Amidst this flurry of AI advancements, Meta has unveiled its latest creation, MusicGen—an AI generator with the ability to transform text into melodies. This innovative tool boasts a user-friendly interface, enabling users to input prompts describing the desired style or type of music they wish to generate. Additionally, MusicGen offers the option to modify existing tracks, allowing users to transform familiar melodies and compositions into unique creations. We gave it a try. Here are five of our take aways:
The generates samples are super short
Right now, MusicGen is only able to spit out samples that are between 10 and 15 seconds in length. Perhaps just enough for a snappy reel or TikTok. But, given the significant GPU power the interfaces uses to generate the samples, it’s a lot of work for very little payoff.
Quality is not really a thing here
The samples produced by MusicGen showcase harmonies that predominantly reside within simpler musical scales. There isn’t a lot of complexity going on, even if your text prompts are very detailed or specific. The music sounds at best like the sort of royalty free stock music you might find online or soundtrack a reality show on Netflix.
The interface is very user friendly
The interface is fairly simple to navigate. MusicGen allows you input description prompts via text, and also allows you to input a melody as a condition via an audio file upload or using a microphone. The actual music results from a deep learning language sourced from open-source technology, which Meta has extensively trained using a vast music library spanning over 20,000 hours. This expansive collection comprises 10,000 hours of licensed tracks and an impressive 390,000 instrumental tracks.
Expect long waiting times and less than ideal accuracy
We waited about twenty minutes for MusicGen to generate a 15 second clip from our prompts. This waiting time can vary depending on how many other users there are in the queue, but it’s still a lengthy wait. As for the accuracy of the generated sound clip, see MusicGen’s response to our prompt “90’s drum and bass beat with acid house melody and Burial style ambience at 130bpm” below.

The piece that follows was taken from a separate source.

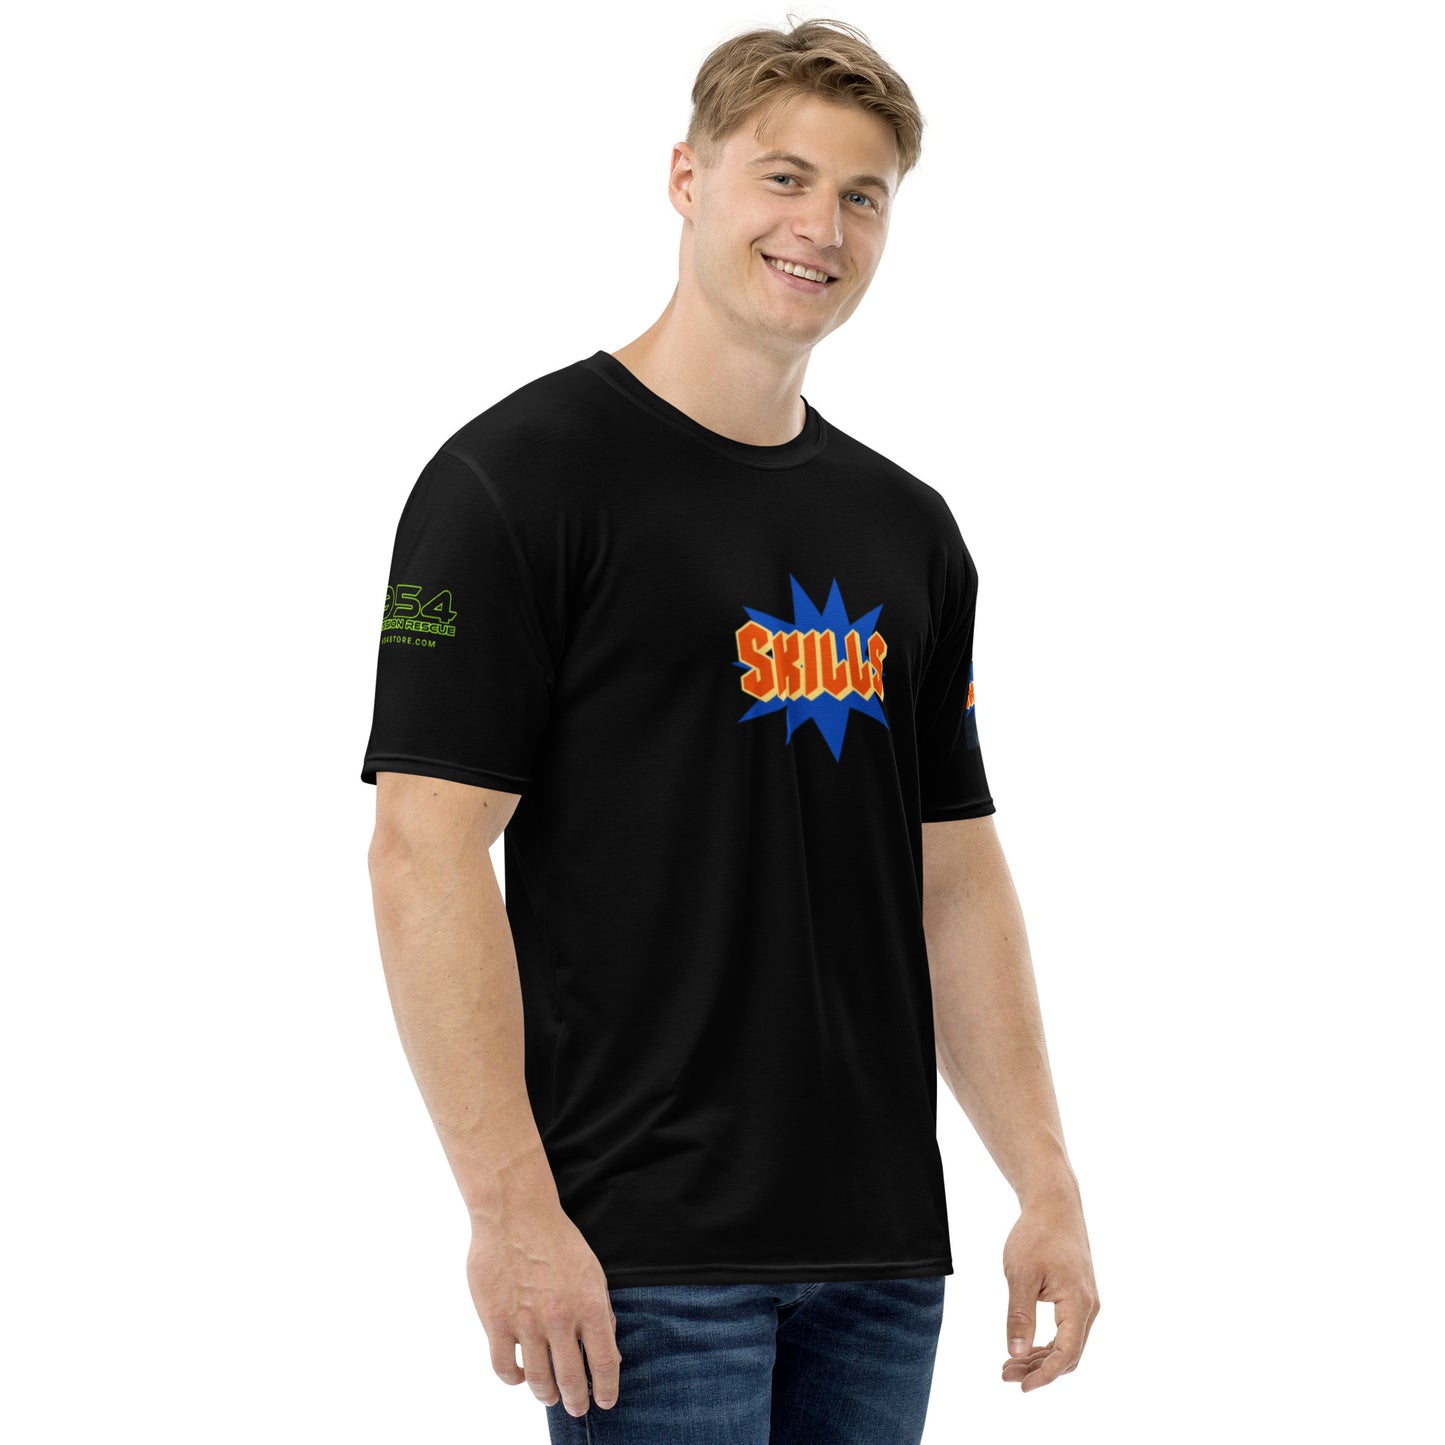 SKILLS Gymnastics 954 Signature Men's t-shirt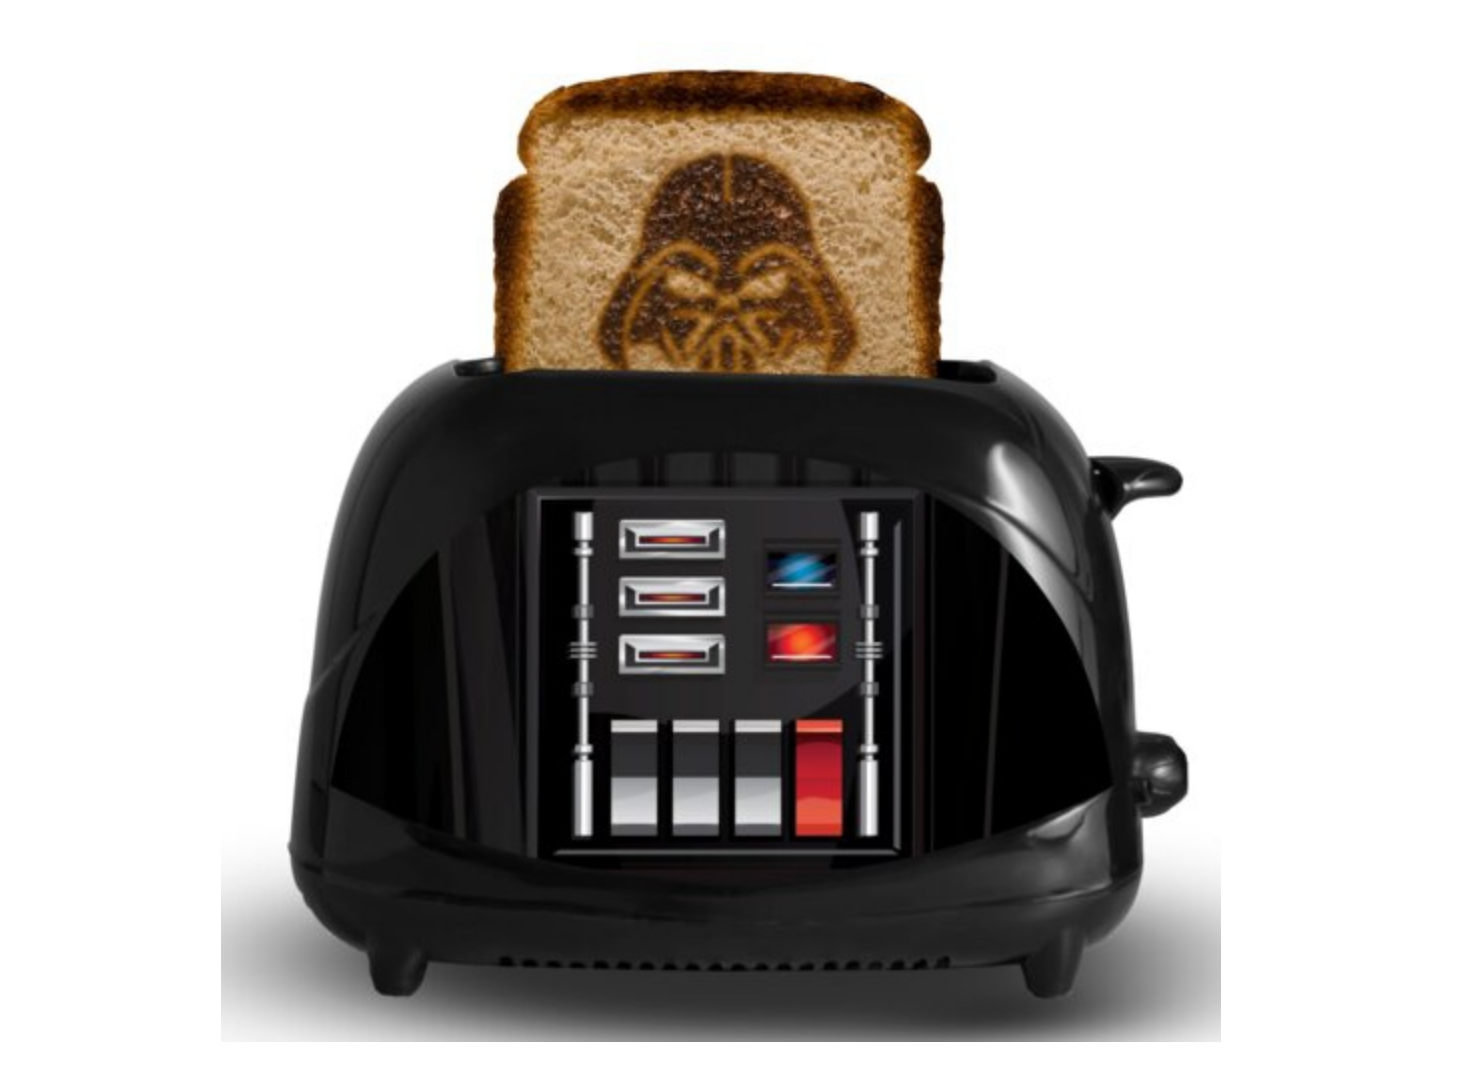 Star Wars Death Star Toaster

Do we even need a tool like this?
Honestly? No. It’s difficult to think of any sort of purpose that MusicGen might fulfil that doesn’t take away from actual musicians and producers in a market that’s already spread thin. It might prove useful as a creative tool for producers looking to brainstorm or find their way out of a rut, and shows some promise as a tool for content creators to generate their own royalty free music for reels and TikTok content. Beyond that, it’s hard to imagine how a tool that lacks human intuition and creativity could possibly generate music you’d actually want to listen to, or buy.